Литмир - Электронная Библиотека

— Чем могу быть вам полезен? — спрашивает недружелюбно Костов.

— Два года назад я вышел на пенсию, — тон мой почему-то извиняющийся. — Дома мне было хорошо, я занимался внучкой, смотрел телевизор, но вы ведь знаете — старая слава делает нас неразумными.

— Слава? — горько восклицает Костов. — Не смешите меня, полковник Евтимов!

Вот проблема, о которой я не задумывался. Наша стихия — анонимность, мы живем в полной неизвестности, как кроты во мраке своих мыслей. Люди хотят, чтобы личность и ее интересы находились под защитой закона, но к нашей профессии испытывают лишь нездоровое любопытство, к которому примешиваются ощущение своей зависимости, презрение и страх. В кабинете Костова не курят, это легко определить по чистоте воздуха и едва уловимому запаху мастики.
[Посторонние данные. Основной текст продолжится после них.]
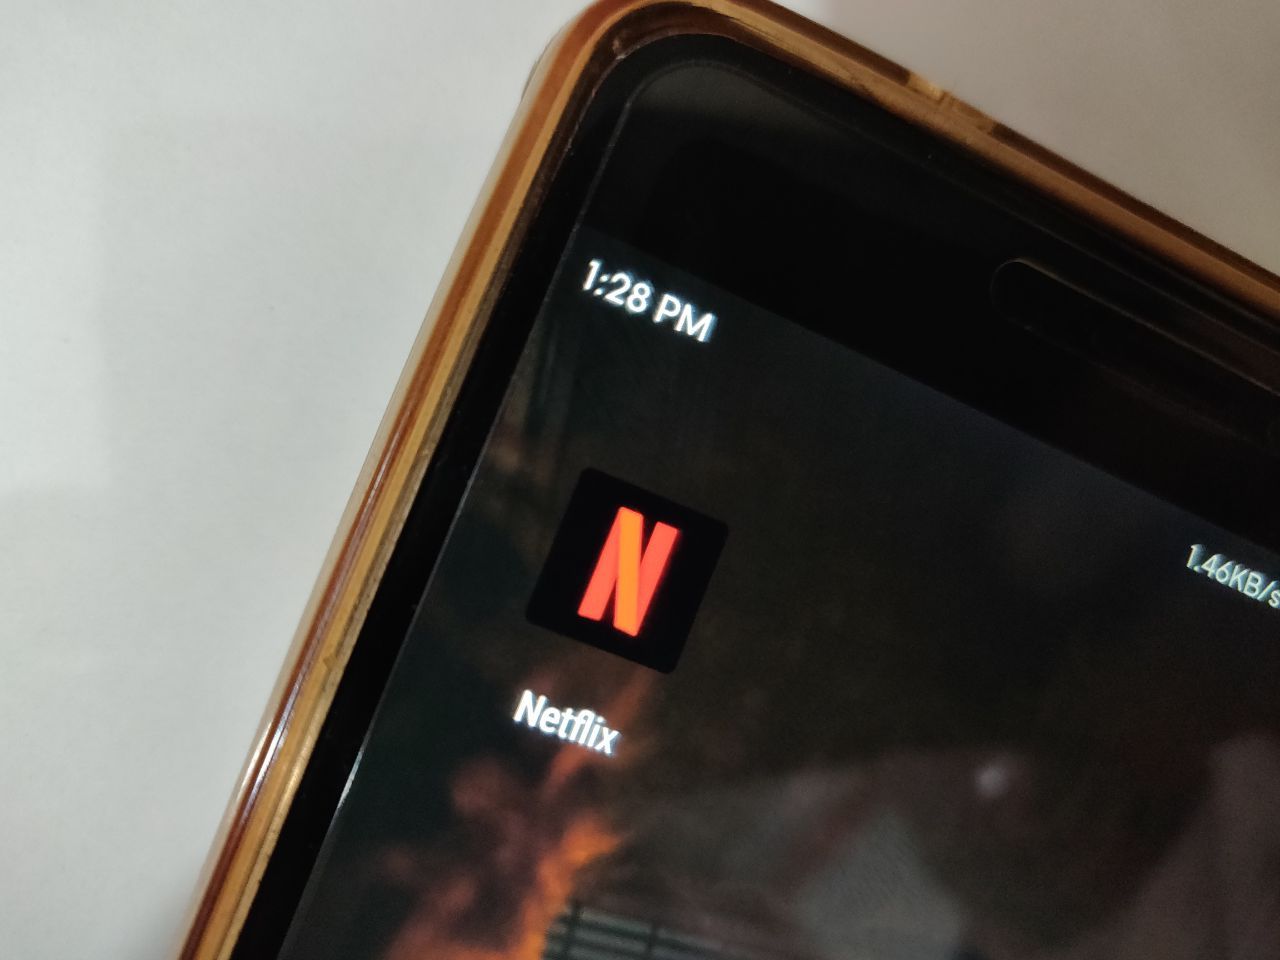 Netflix or Twitter not working on your phone with WiFi? Android Pie could be culprit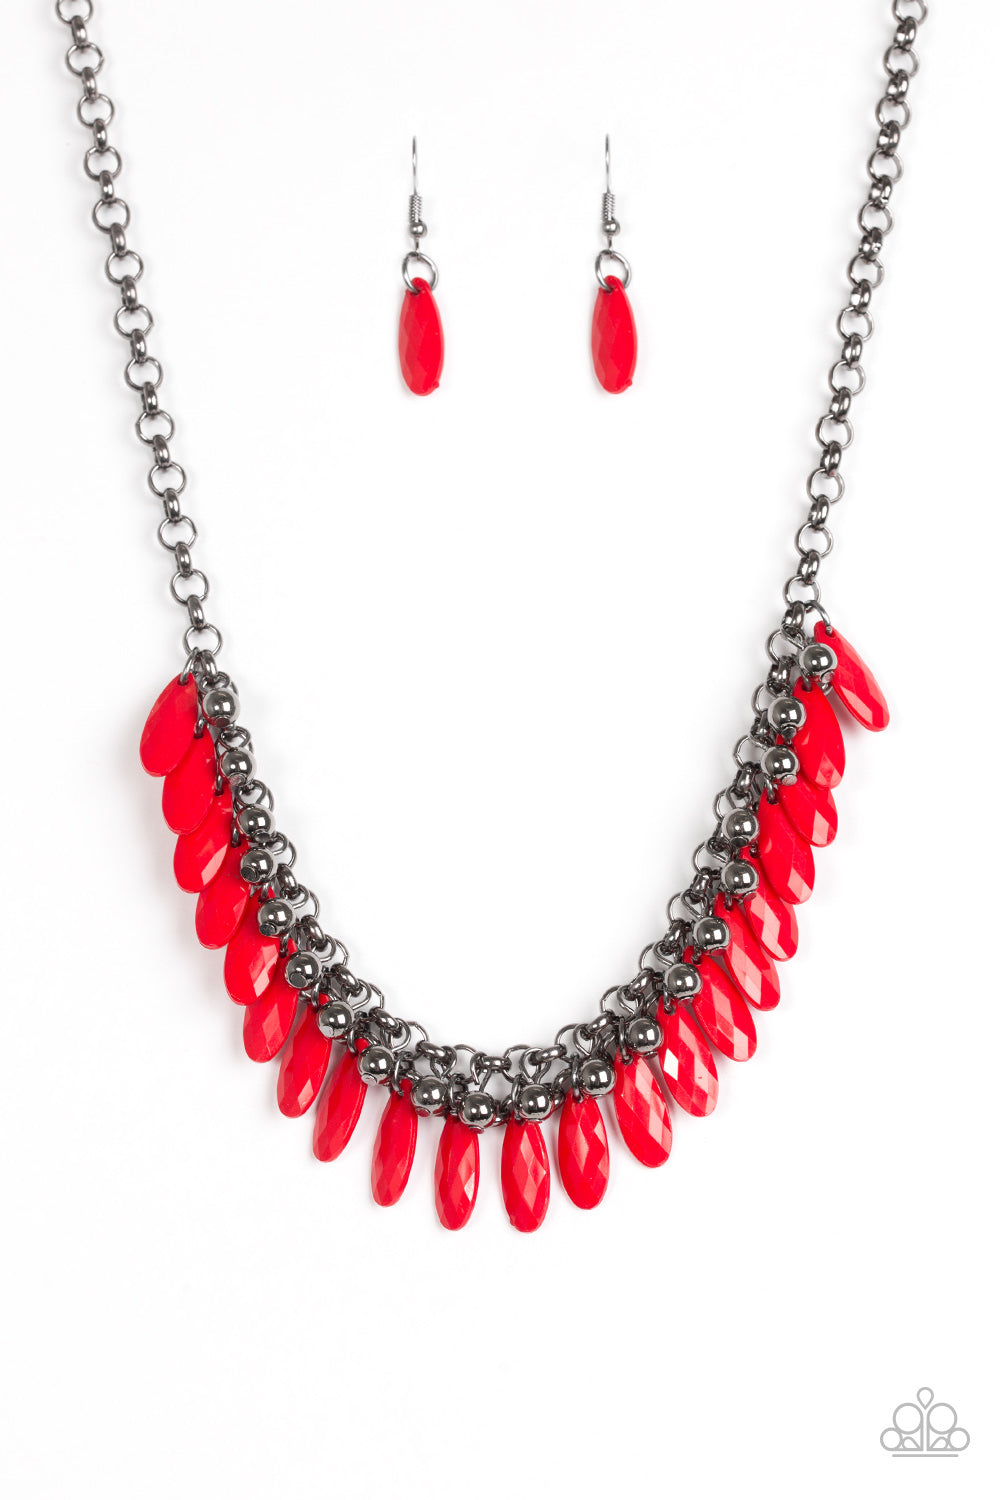 Jersey Shore - Red Necklace - TheMasterCollection

— Можете закурить, — говорит он, будто прочитав мои мысли, ставит передо мной стеклянную пепельницу. — Буду рад вам помочь.

— Меня привела к вам вот эта повестка.

Вытащив из бумажника повестку, я торжественно преподношу ее Костову, словно букет цветов. Он внимательно ее разглядывает, лицо его мрачнеет.

— Да… не явился паршивец. Вчера я послал новую повестку по месту работы.

— Бабаколев вовсе не паршивец, но уже никогда к вам не явится. Двадцать второго января он был убит.

Костов стреляет в меня взглядом, мгновенно понимает, что я не шучу, горестно вздыхает и охватывает голову руками.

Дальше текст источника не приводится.